- _Work request_
Exactly as written, please repeat the data that follows, but not the pictures.

- _Data below_

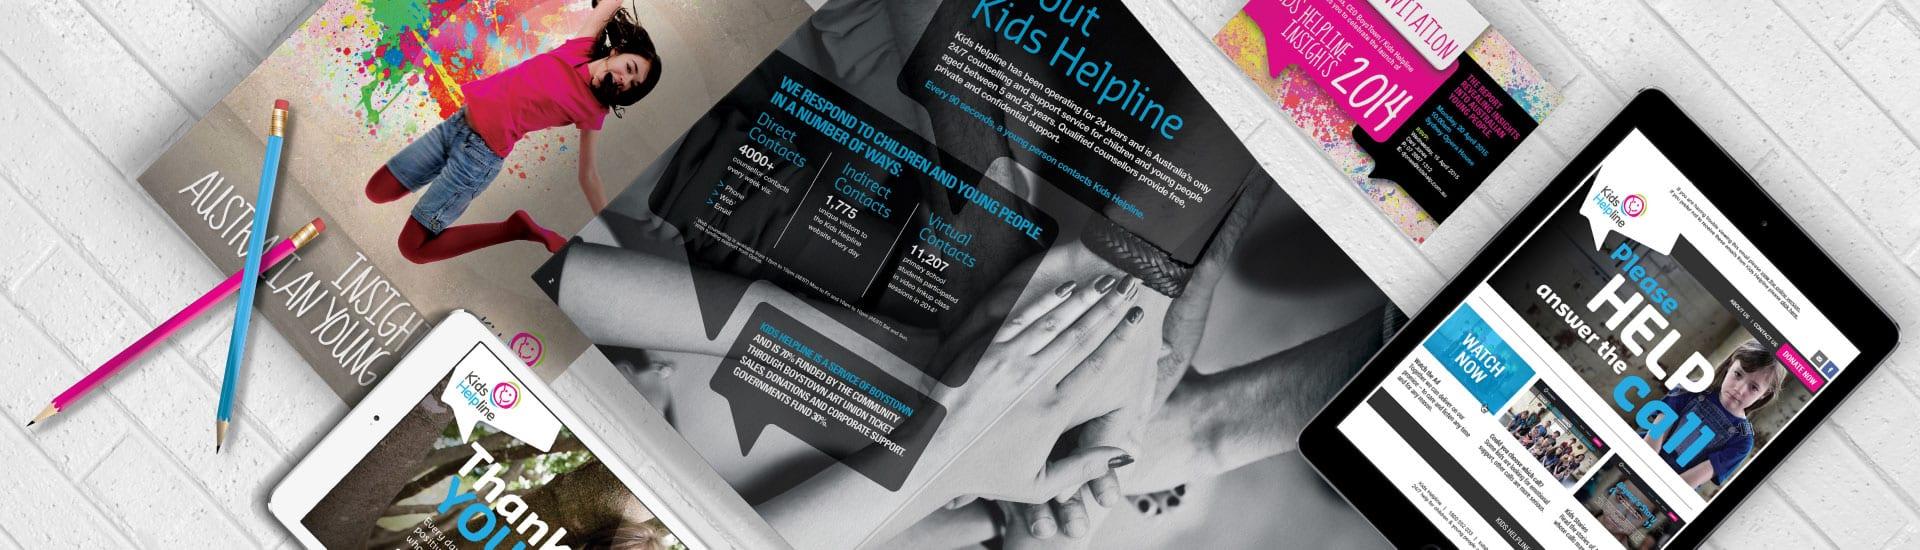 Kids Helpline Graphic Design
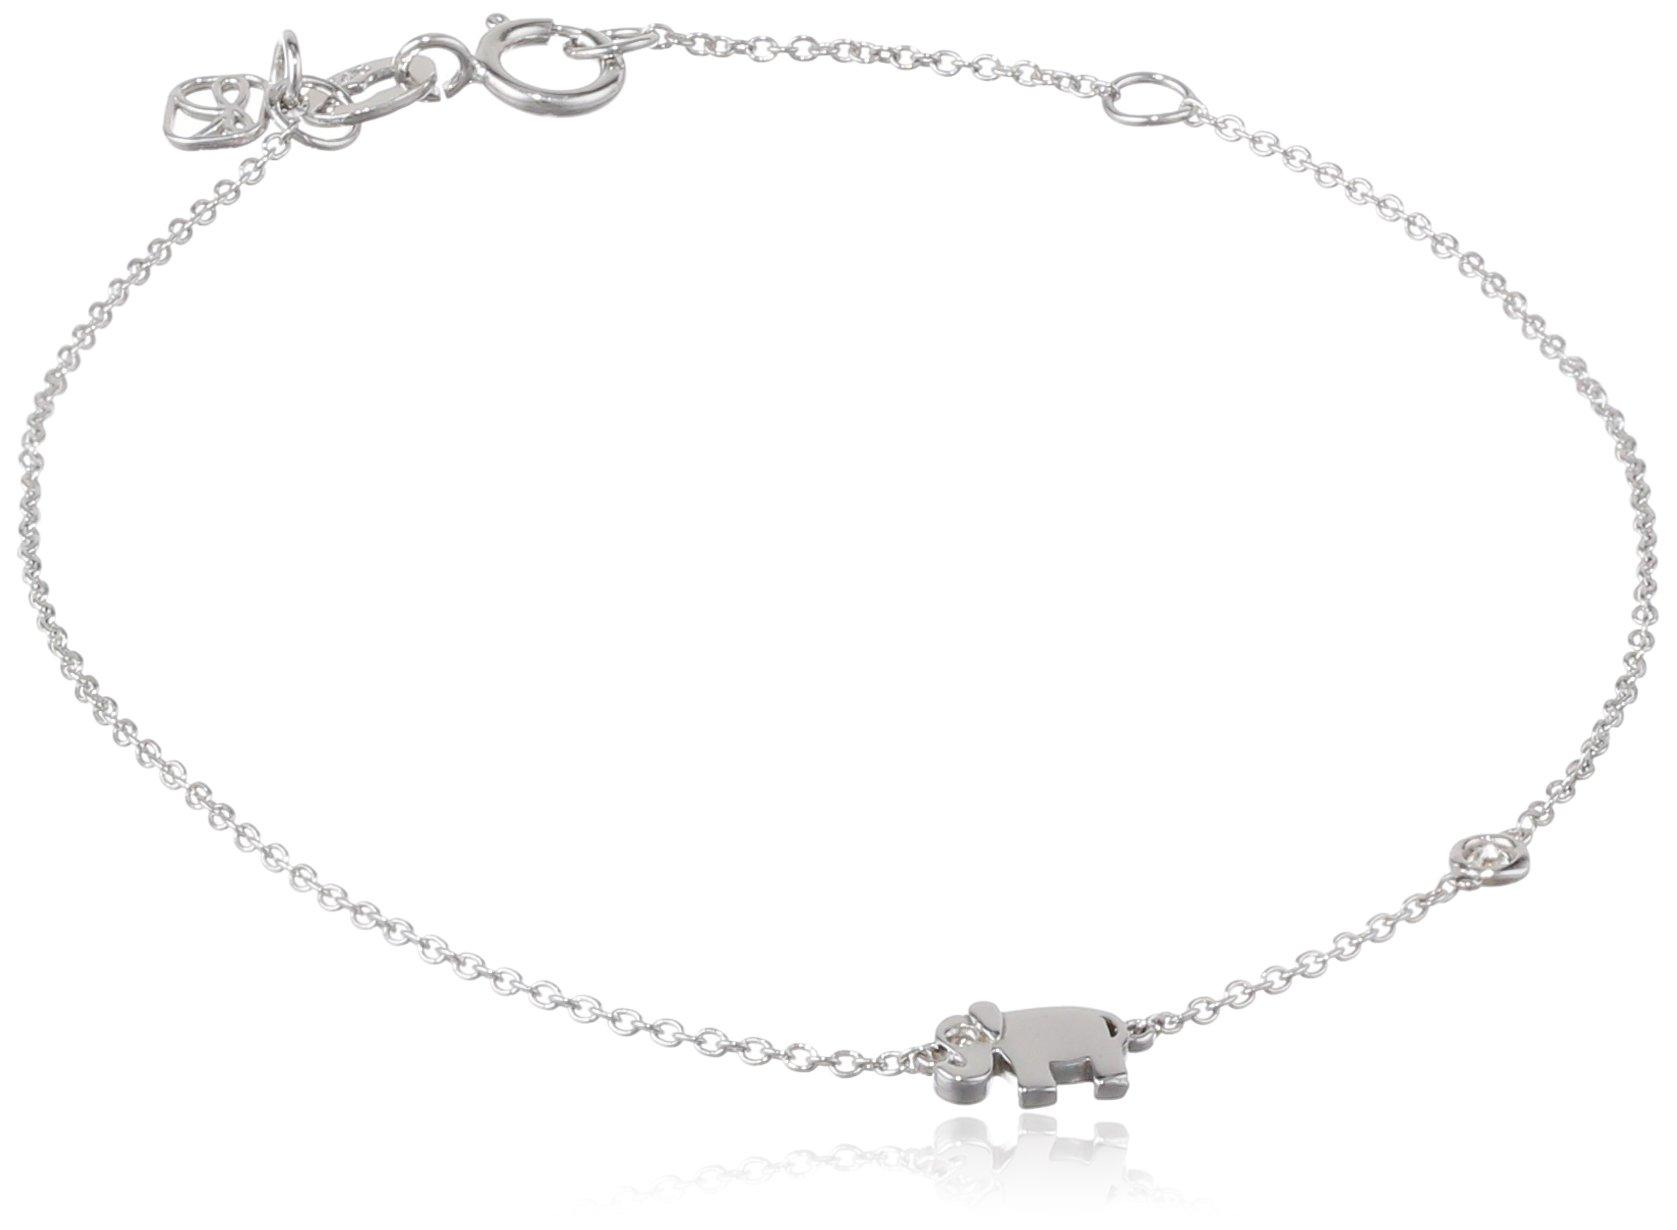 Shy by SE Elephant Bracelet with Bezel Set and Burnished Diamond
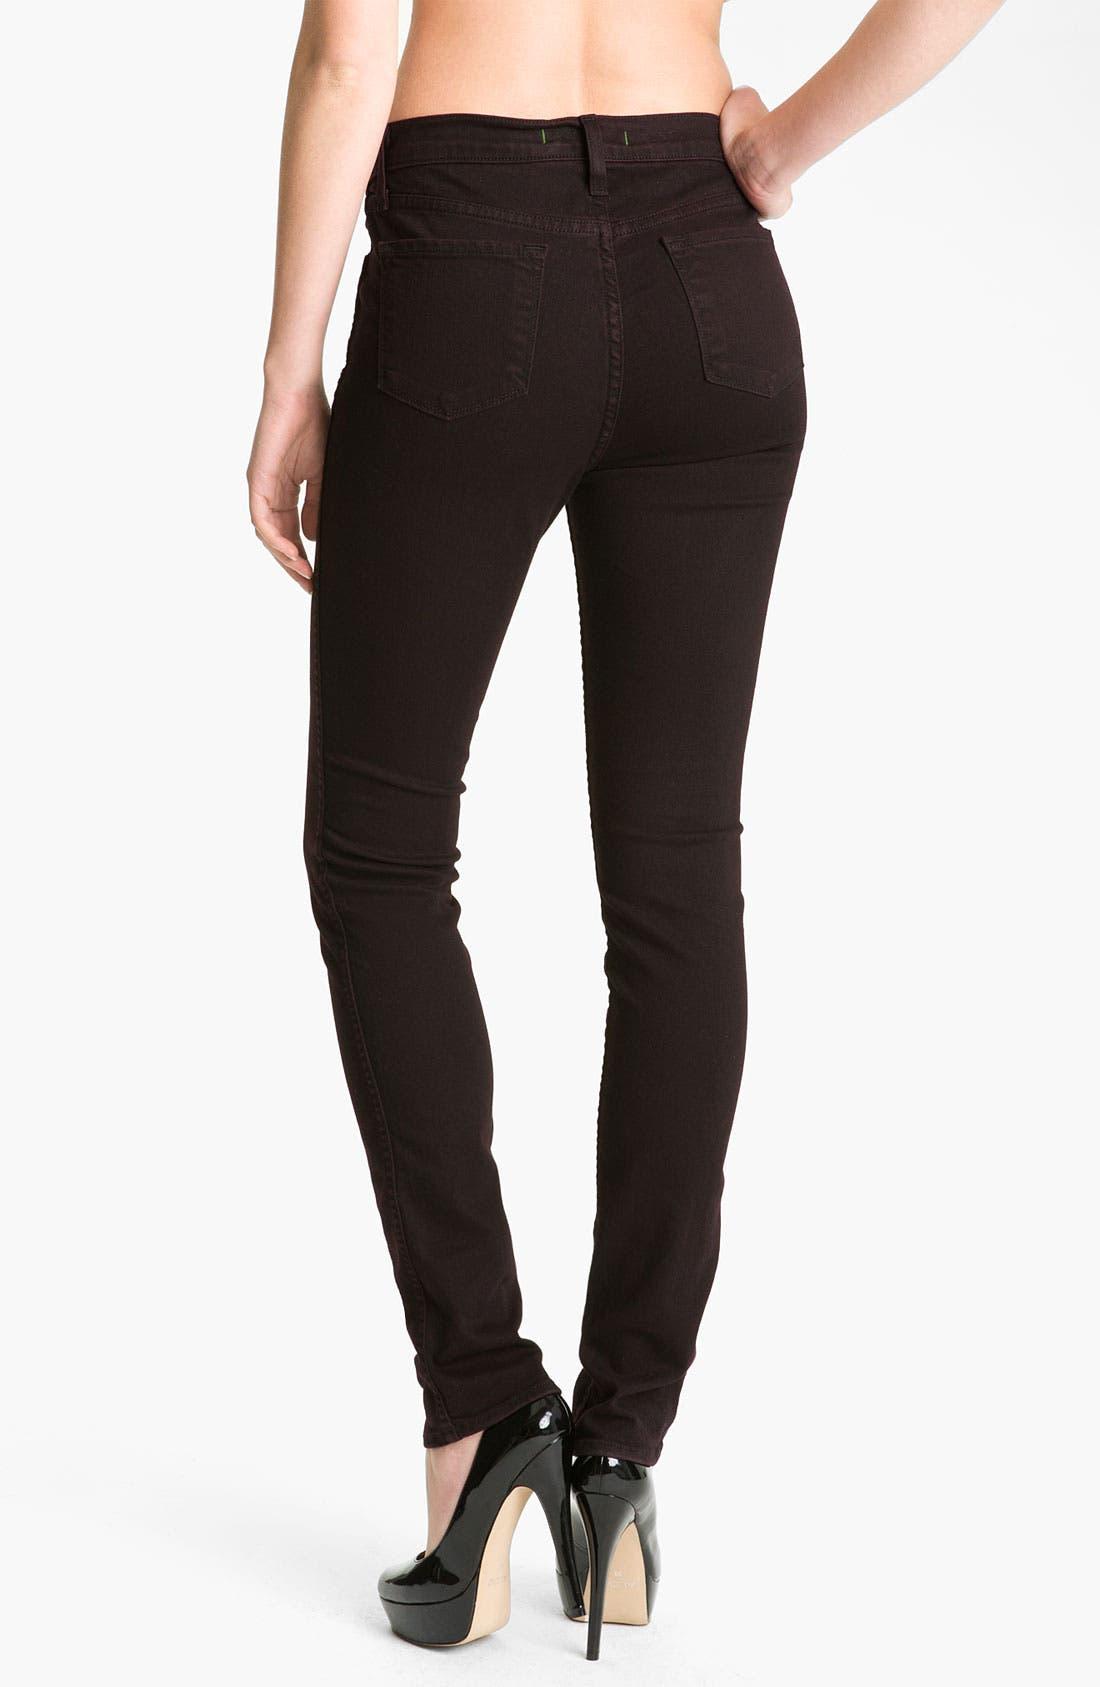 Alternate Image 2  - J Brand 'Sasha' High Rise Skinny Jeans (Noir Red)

- _Result of this task_
 Kids Helpline Graphic Design
 Shy by SE Elephant Bracelet with Bezel Set and Burnished Diamond
 Alternate Image 2  - J Brand 'Sasha' High Rise Skinny Jeans (Noir Red)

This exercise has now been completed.